Met betrekking tot de persoon van de verdachte heeft de rechtbank gelet op het de verdachte betreffend uittreksel uit de justitiële documentatie d.d. 14 oktober 2014, waaruit blijkt dat verdachte niet eerder is veroordeeld.
Naar het oordeel van de rechtbank gaat de officier van justitie bij het formuleren van haar strafeis ten onrechte uit van het benadelingsbedrag zoals genoemd door de curator in het faillissementsverslag, te weten ruim € 300.000,-. Nu de vennootschap reeds bij overname door verdachten op de rand van faillissement stond, kan niet dit hele bedrag voor rekening van verdachte (en de medeverdachten) worden gehouden. Hoewel de boedel mogelijk voor een groter bedrag is benadeeld, houdt de rechtbank als uitgangspunt aan het door de gepleegde faillissementsfraude ontstane benadelingsbedrag (vóórdat de medeverdachte een geldbedrag aan de curator heeft terugbetaald) zoals dit kan worden vastgesteld aan de hand van de zich in het dossier bevindende bewijsmiddelen. Dit bedrag wordt door de rechtbank bepaald op € 51.430,--. Dit bedrag ziet op opbrengst van de twee auto’s, de handelsvoorraad en de aan/door de medeverdachte overgemaakte geldbedragen.
De rechtbank betrekt verder bij haar oordeel dat de redelijke termijn waarbinnen de strafzaak moet zijn behandeld is overschreden. Vooropgesteld moet worden dat als uitgangspunt heeft te gelden dat de behandeling van een zaak ter terechtzitting dient te zijn afgerond met een eindvonnis binnen twee jaar nadat de op zijn redelijkheid te beoordelen termijn is aangevangen, tenzij sprake is van bijzondere omstandigheden. De rechtbank ziet in de concrete omstandigheden van deze zaak aanleiding te bepalen dat de termijn een aanvang heeft genomen op het moment dat verdachte is aangehouden, te weten 14 november 2011. Gelet op het voorgaande kan worden vastgesteld dat op het moment dat in eerste aanleg vonnis wordt gewezen, de vervolging van verdachte meer dan twee jaar in beslag heeft genomen. Naar het oordeel van de rechtbank is geen sprake van een omstandigheid die een langere termijn rechtvaardigt en derhalve is sprake van een overschrijding van de redelijke termijn als bedoel in artikel 6 EVRM.
Gelet op deze overschrijding van de redelijke termijn en het aanzienlijk lagere benadelingsbedrag waarvan wordt uitgegaan, ziet de rechtbank reden om af te wijken van wat de officier van justitie heeft gevorderd en -in plaats van een voor voornoemde feiten en omstandigheden op zijn plaats zijnde onvoorwaardelijke gevangenisstraf- een taakstraf op te leggen. Daarnaast wordt een voorwaardelijke gevangenisstraf opgelegd die zal dienen als stok achter de deur om verdachte ervan te weerhouden opnieuw de fout in te gaan. De rechtbank komt ook tot bewezenverklaring van één feit minder dan gevorderd door de officier van justitie.
Alles afwegende zal de rechtbank aan verdachte opleggen een voorwaardelijke gevangenisstraf voor de duur van drie maanden met een proeftijd van twee jaar en een onvoorwaardelijke taakstraf voor de duur van 100 uren, te vervangen door hechtenis voor de duur van 50 dagen.

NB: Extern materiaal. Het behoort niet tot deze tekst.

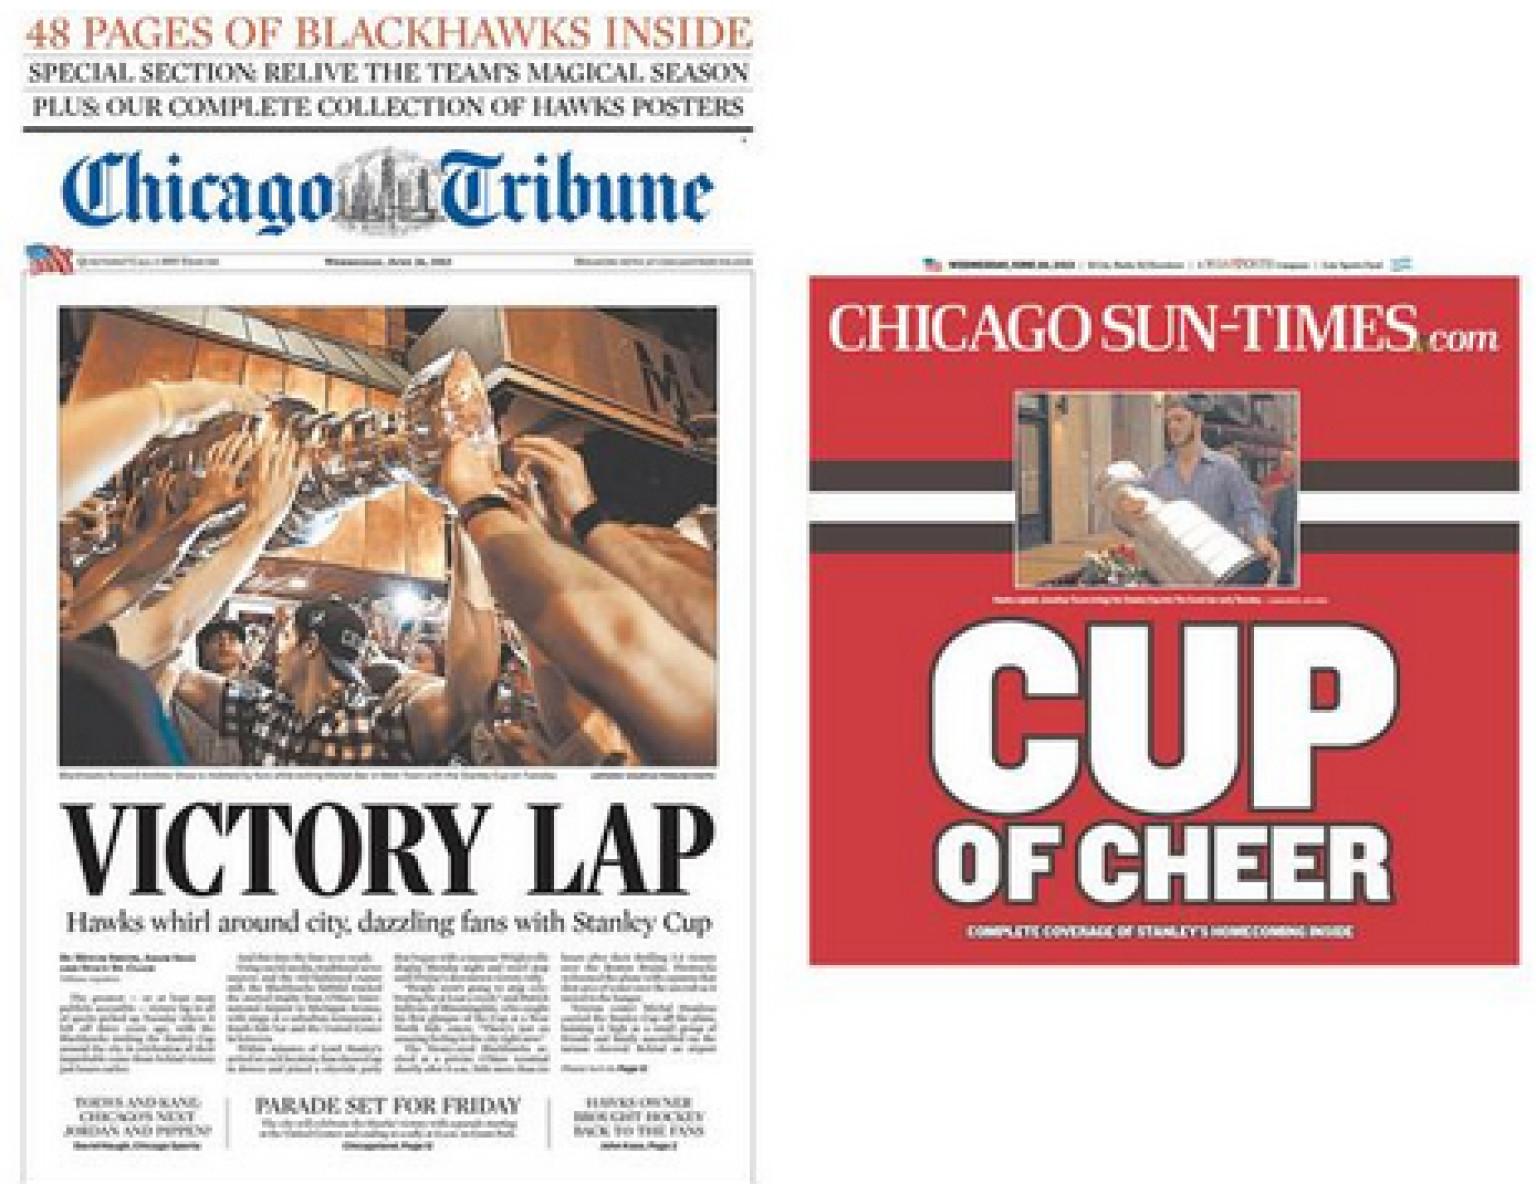 Comparison Of Chicago Sun-Times & Chicago Tribune Stanley Cup Photos 
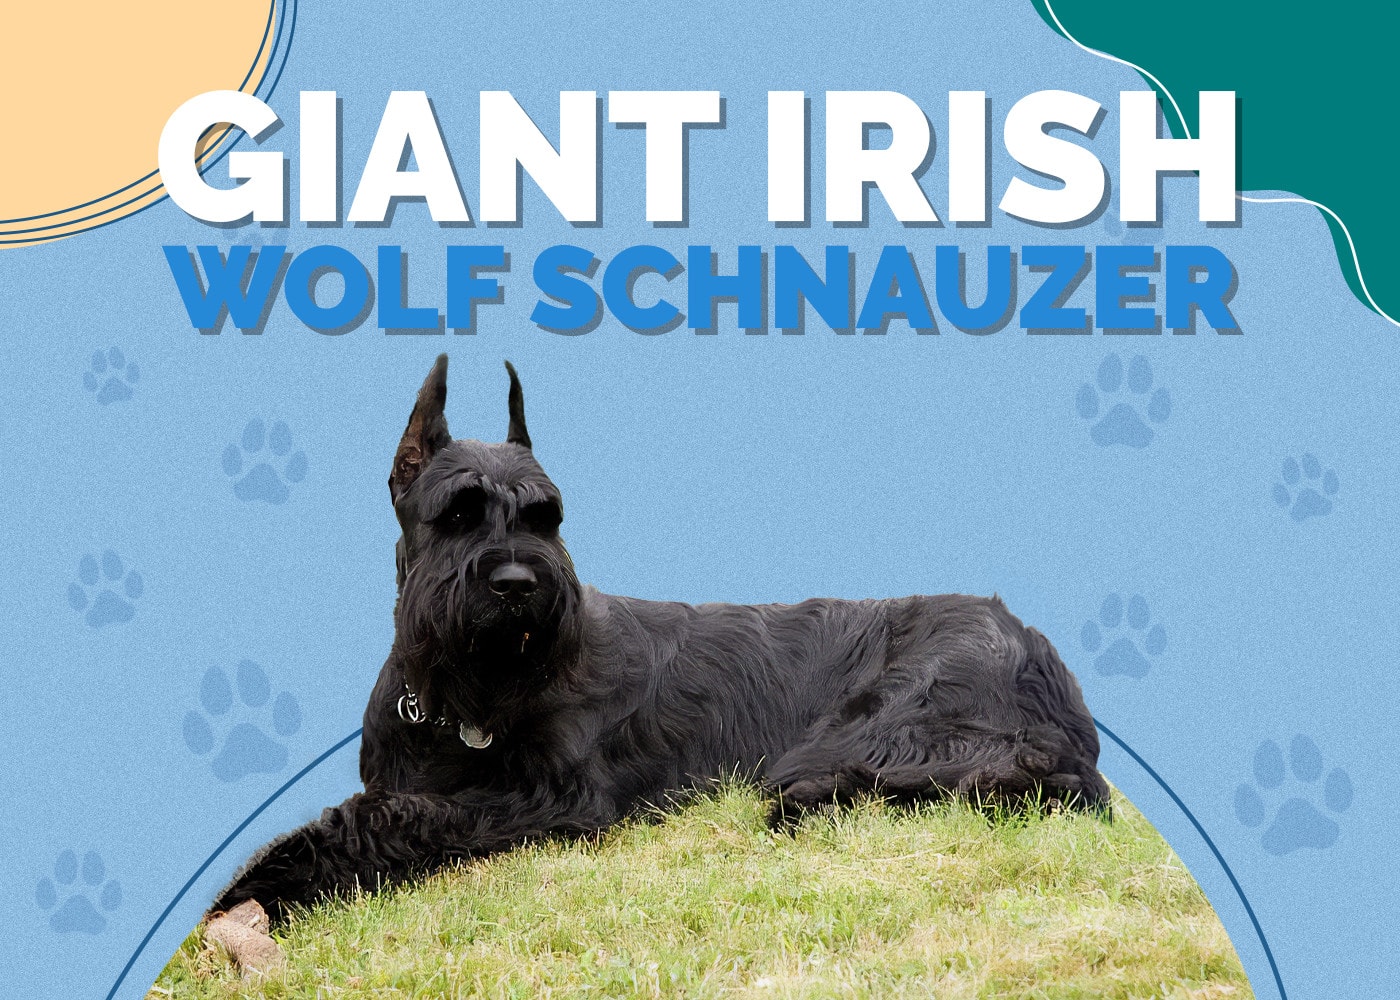 Giant Irish Wolf Schnauzer (Giant Schnauzer & Irish Wolfhound Mix)

9.Ten aanzien van de benadeelde partij en de schadevergoedingsmaatregel

Namens de benadeelde partij [bedrijf 1] is door mr. R.D.C. Jonkers, curator, met betrekking tot het onder feit 1, 2 en 3 ten laste gelegde een vordering ingediend tot vergoeding van de geleden schade, te weten € 312.175,42 zijnde het tekort in het faillissement. Hierbij is verzocht tot toepassing van de wettelijke rente en veroordeling in de executiekosten van het vonnis.
9.1
Het standpunt van het Openbaar Ministerie
De officier van justitie heeft primair gevorderd de toewijzing van de gehele vordering. De officier van justitie heeft zich op het subsidiaire standpunt gesteld dat de vordering met betrekking tot de crediteur [benadeelde] B.V. onvoldoende onderbouwd is en dat de vordering met betrekking tot dit gedeelte niet-ontvankelijk verklaard dient te worden. Het restant van de vordering is dan voor toewijzing vatbaar.
9.2
Het standpunt van de verdediging
De verdediging verzoekt niet-ontvankelijkverklaring van de vordering. Primair gelet op de bepleitte integrale vrijspraak. Subsidiair betwist de raadsman de vordering en acht behandeling hiervan een onredelijke verzwaring van de strafprocedure.
9.3
Het oordeel van de rechtbank
De rechtbank stelt vast dat de benadeelde partij als gevolg van het hiervoor bewezen geachte rechtstreeks schade heeft geleden. De rechtbank is echter van oordeel dat het gevorderde onvoldoende is onderbouwd. Behandeling en beoordeling van de vordering zou naar het oordeel van de rechtbank een onevenredige belasting van het strafgeding opleveren. De rechtbank zal de benadeelde partij daarom niet-ontvankelijk verklaren in haar vordering. De benadeelde partij kan haar vordering bij de burgerlijke rechter aanbrengen.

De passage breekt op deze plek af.